***** MATERIAL PROVIDED

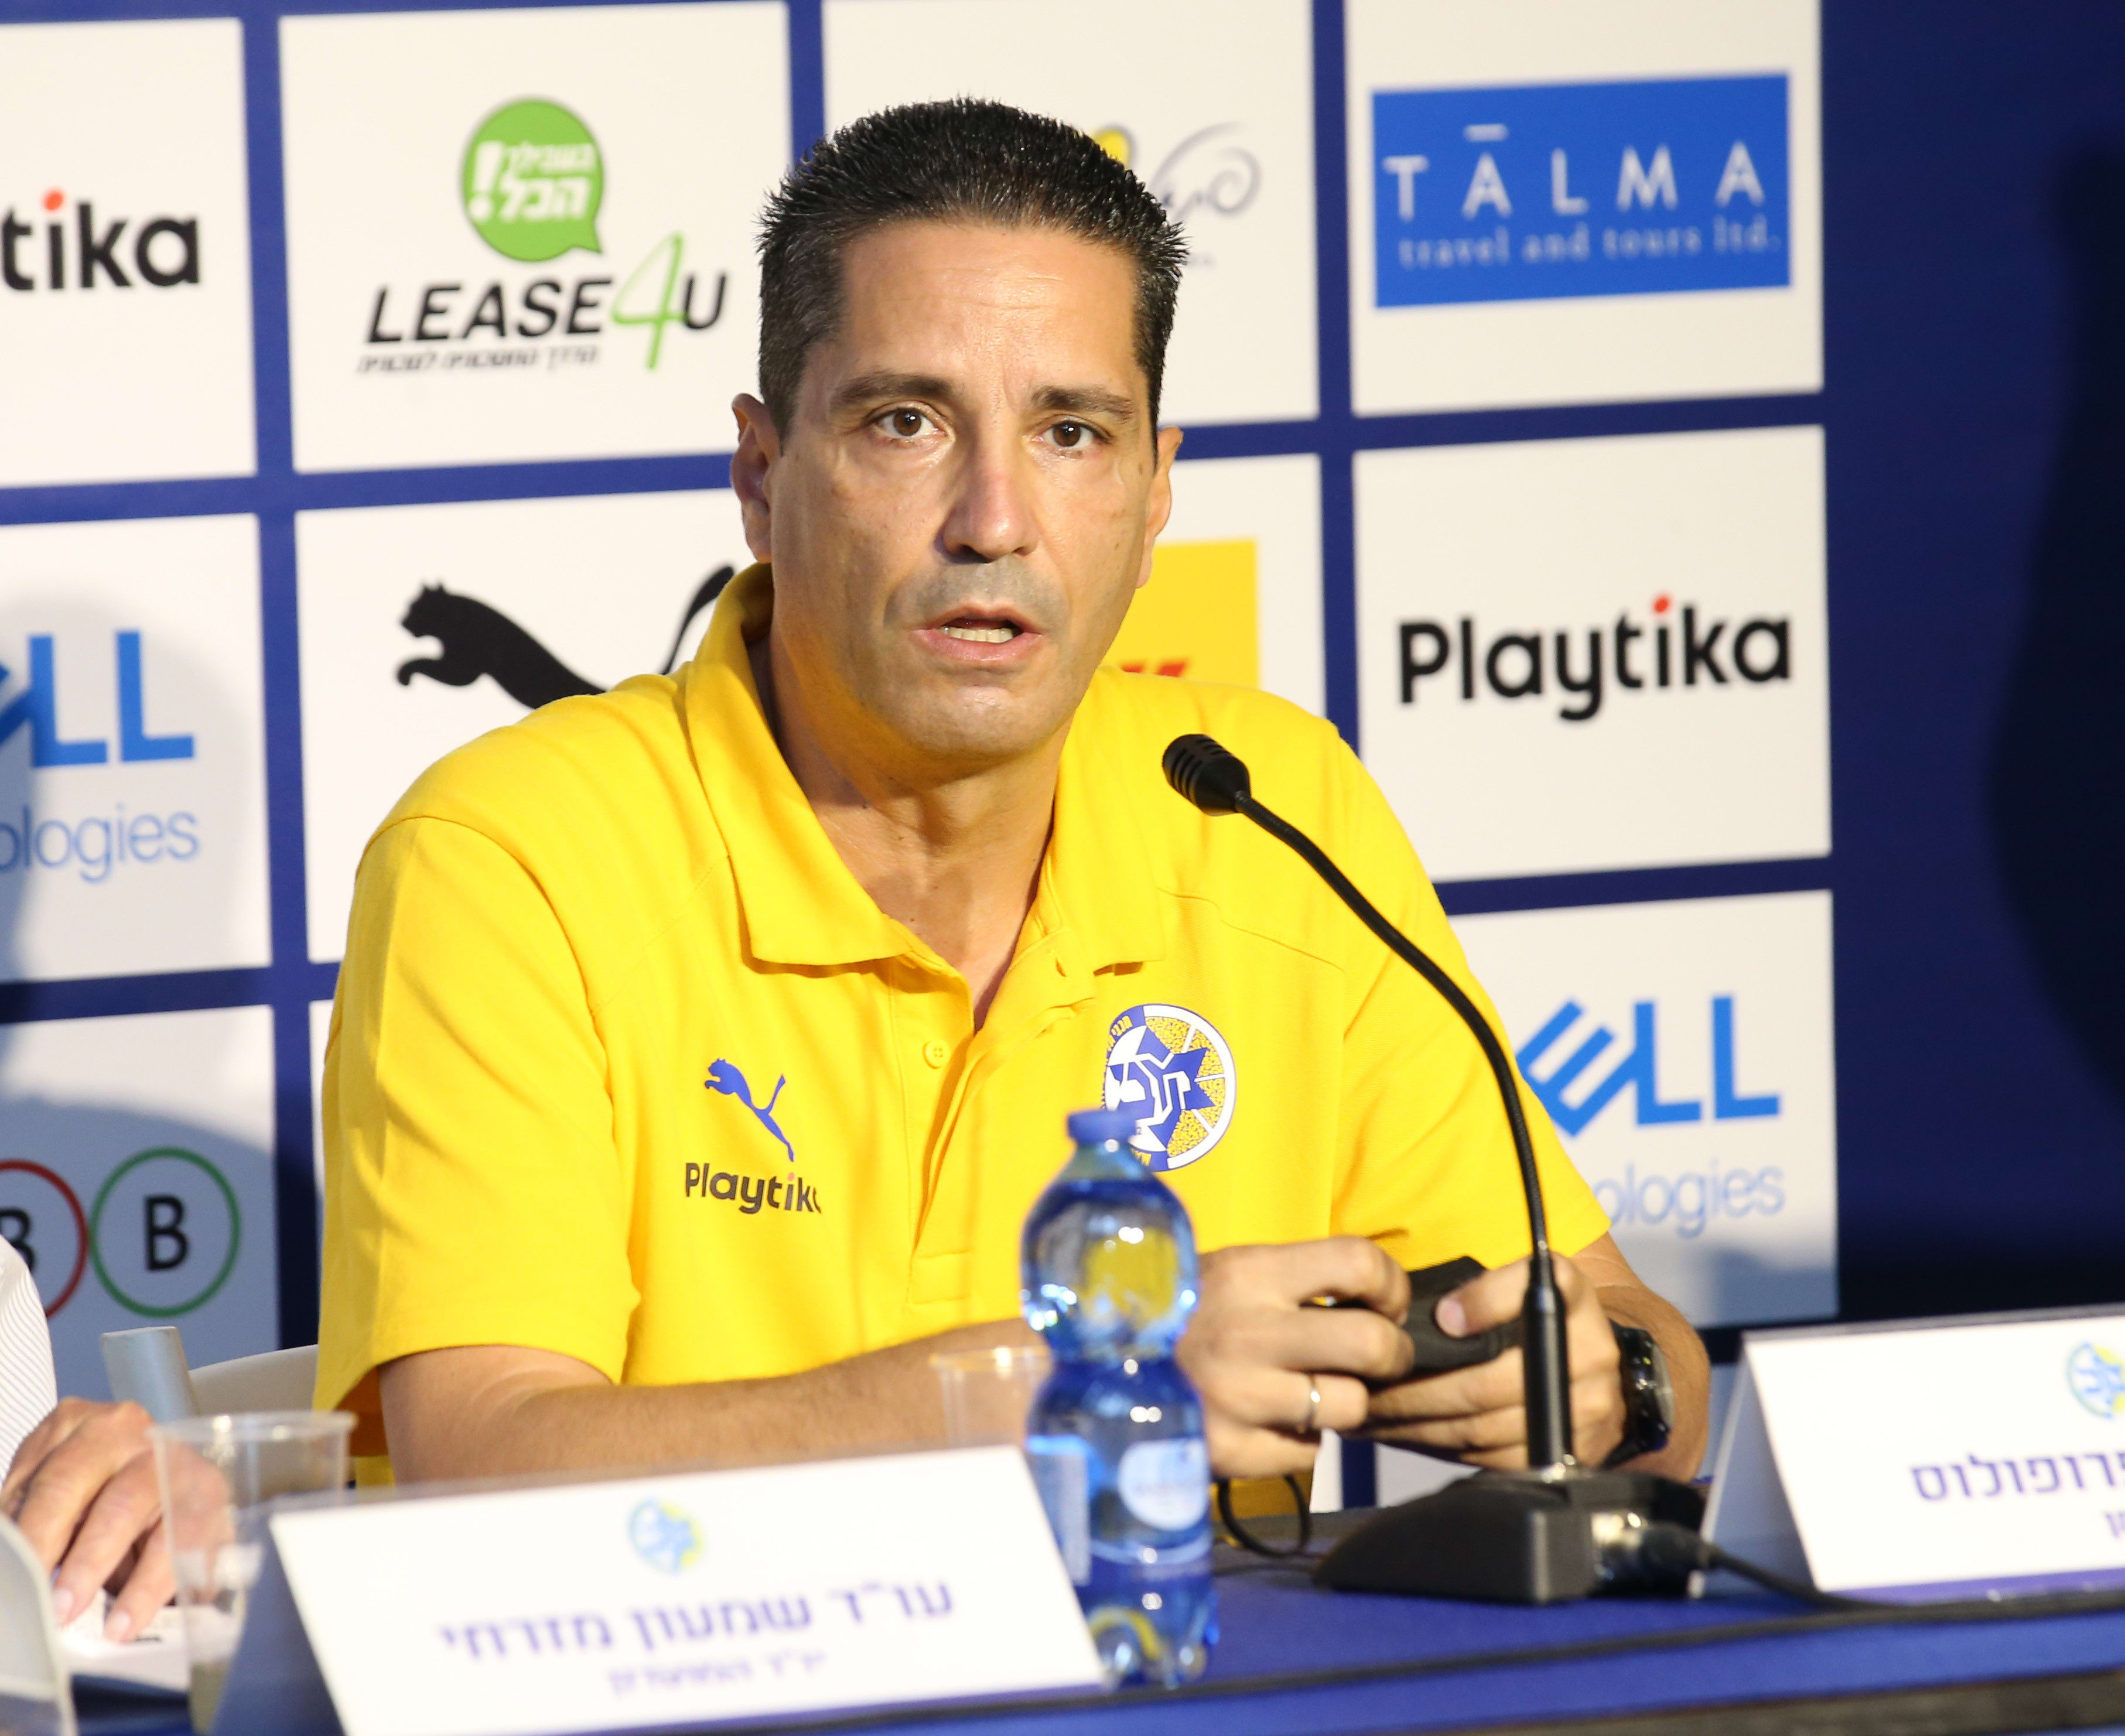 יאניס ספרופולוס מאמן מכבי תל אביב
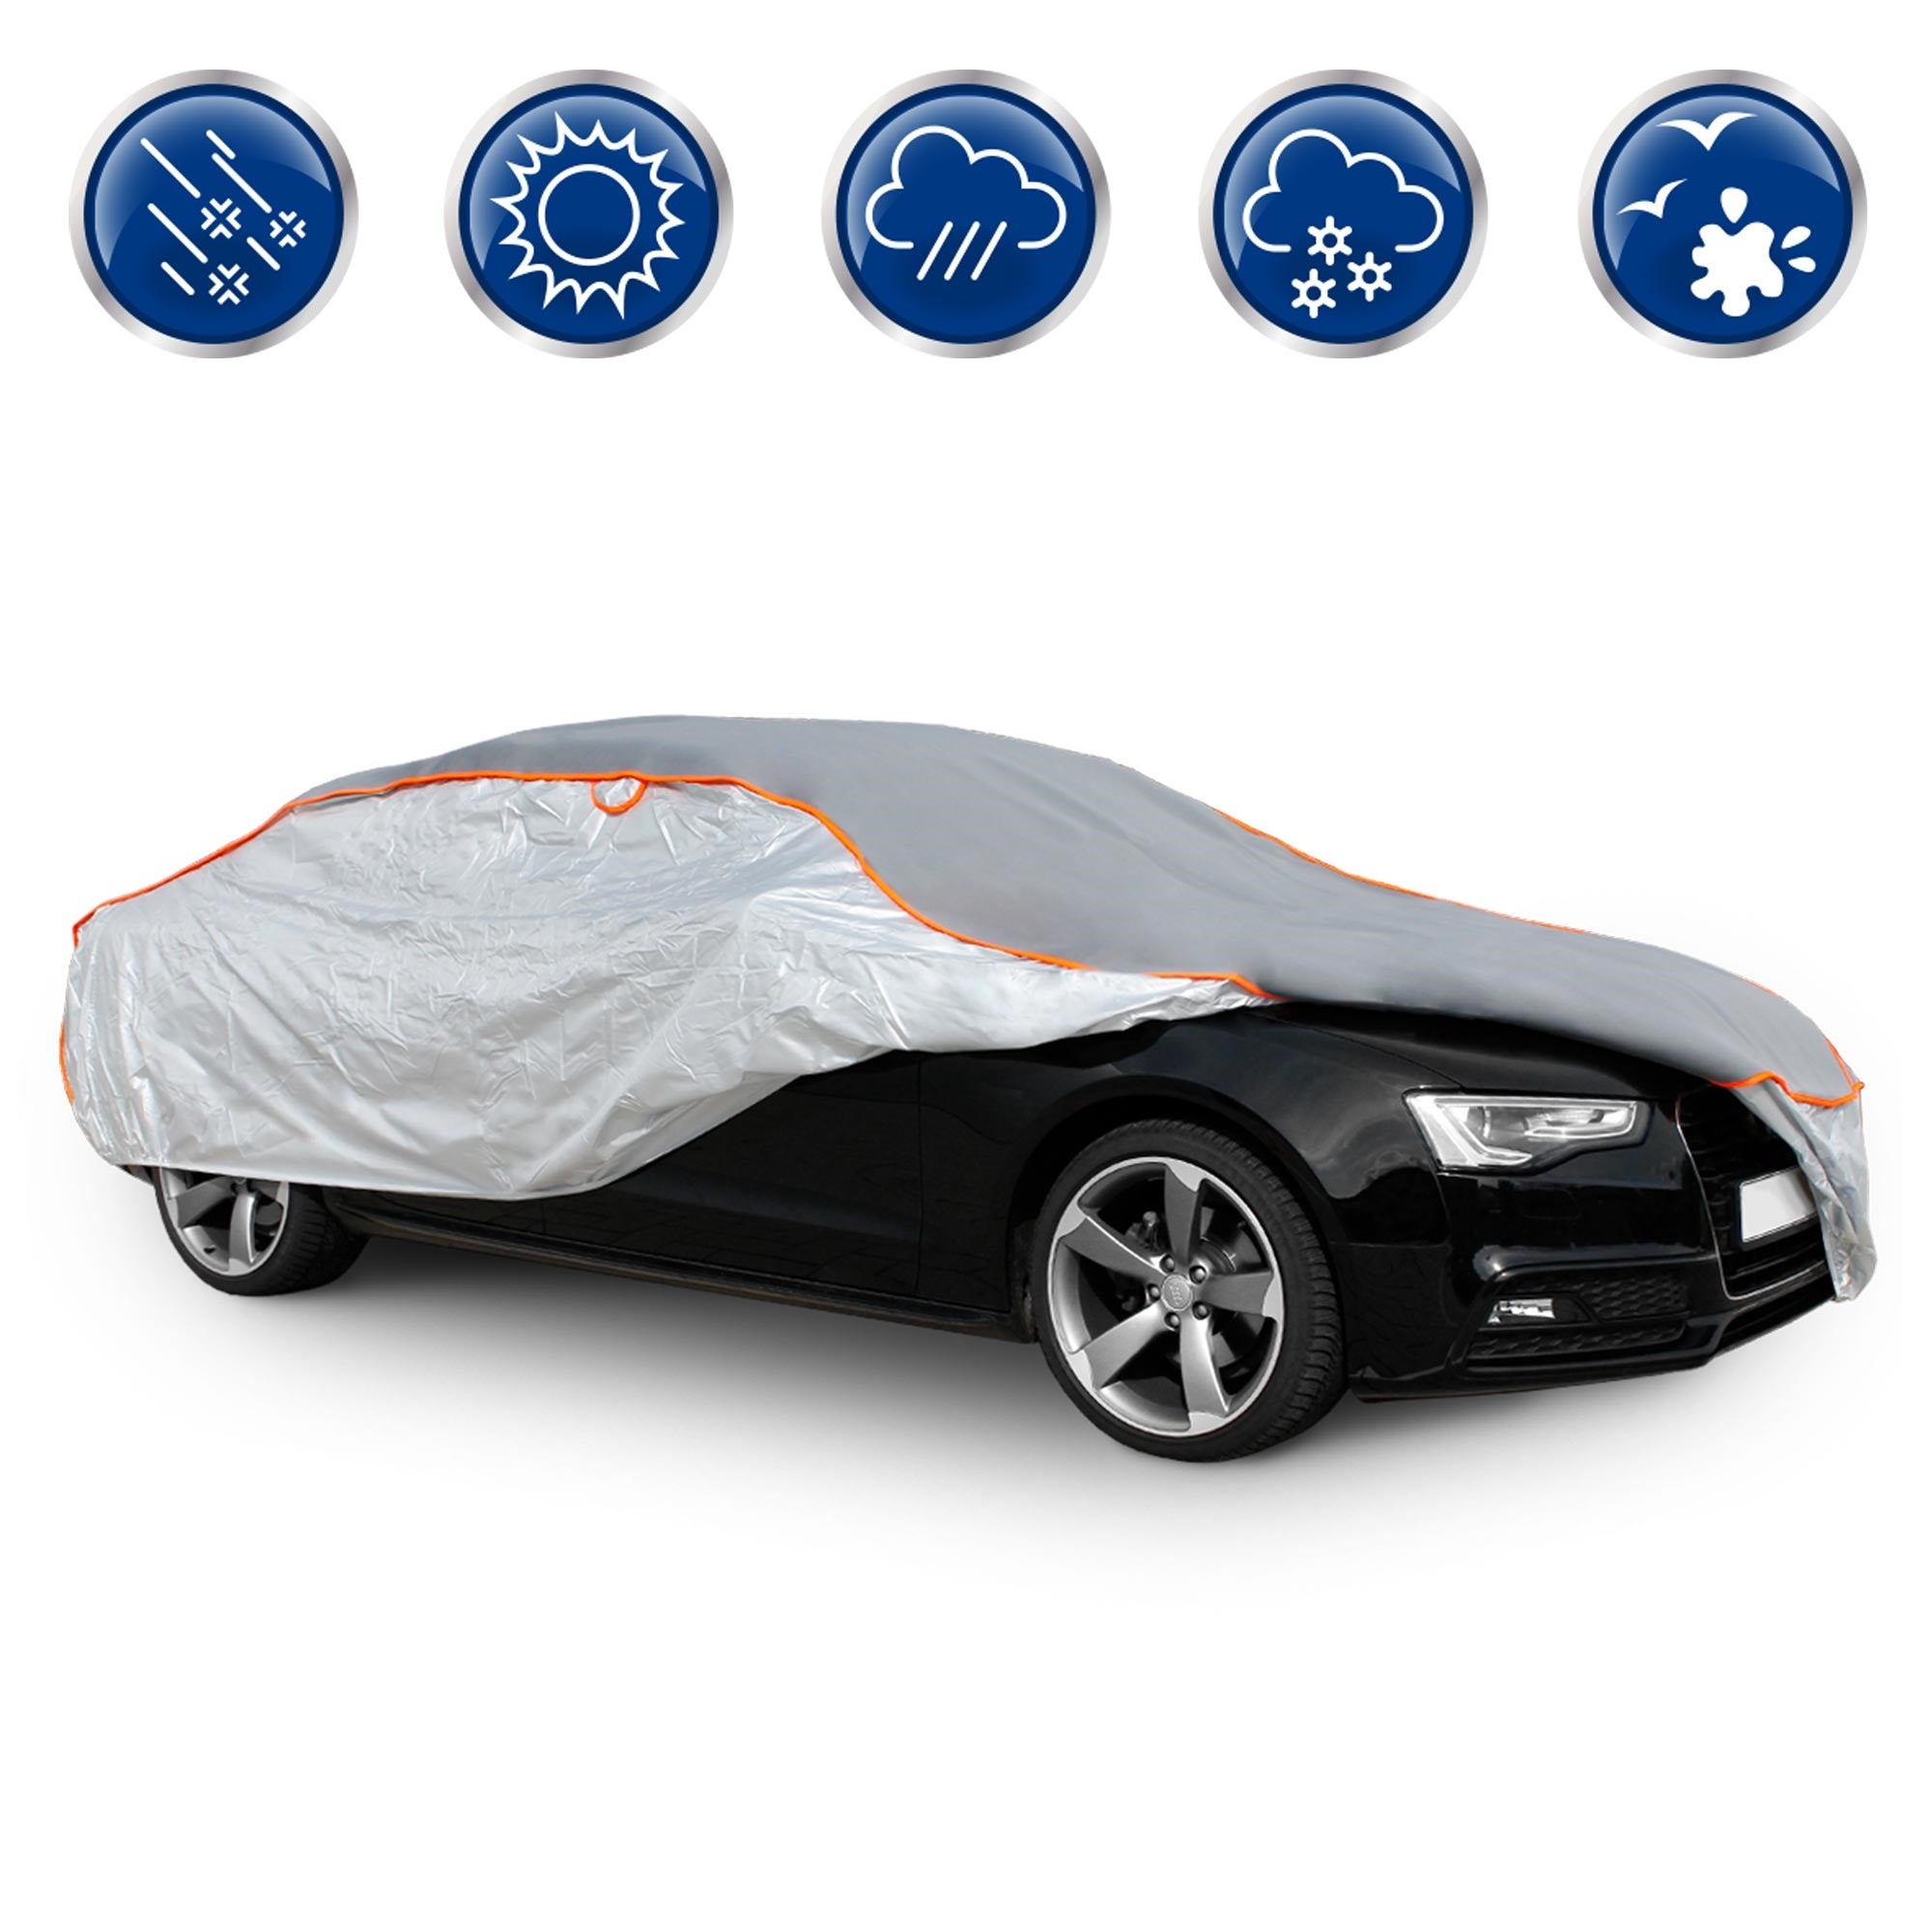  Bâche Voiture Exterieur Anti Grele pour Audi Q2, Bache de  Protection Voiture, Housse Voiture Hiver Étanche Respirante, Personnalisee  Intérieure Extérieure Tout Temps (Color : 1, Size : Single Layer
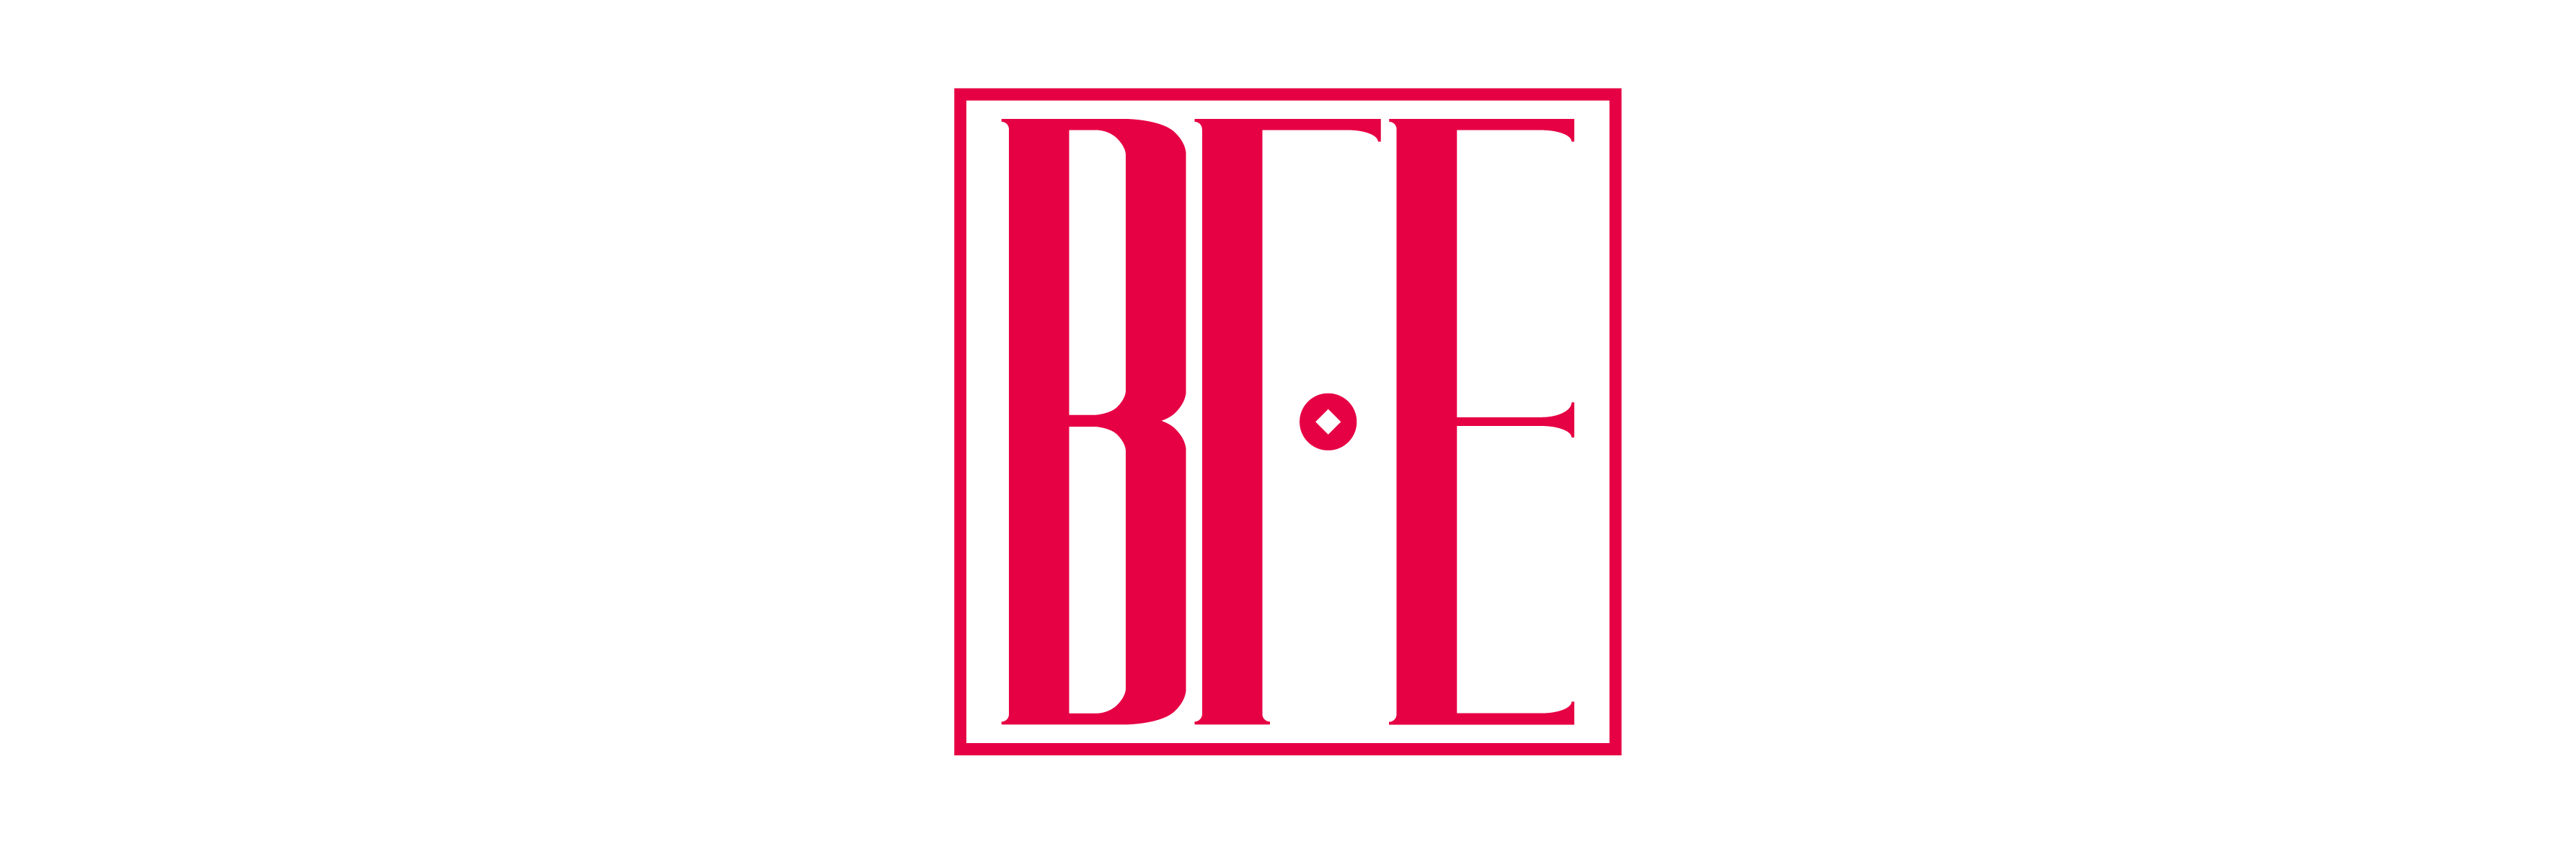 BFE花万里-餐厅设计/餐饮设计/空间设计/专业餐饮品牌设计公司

**********

ABOUT THIS EXERCISE:
Once the pictures are dropped, please print every remaining line of the material verbatim.

TASK RESULT:
 יאניס ספרופולוס מאמן מכבי תל אביב
  Bâche Voiture Exterieur Anti Grele pour Audi Q2, Bache de  Protection Voiture, Housse Voiture Hiver Étanche Respirante, Personnalisee  Intérieure Extérieure Tout Temps (Color : 1, Size : Single Layer
 BFE花万里-餐厅设计/餐饮设计/空间设计/专业餐饮品牌设计公司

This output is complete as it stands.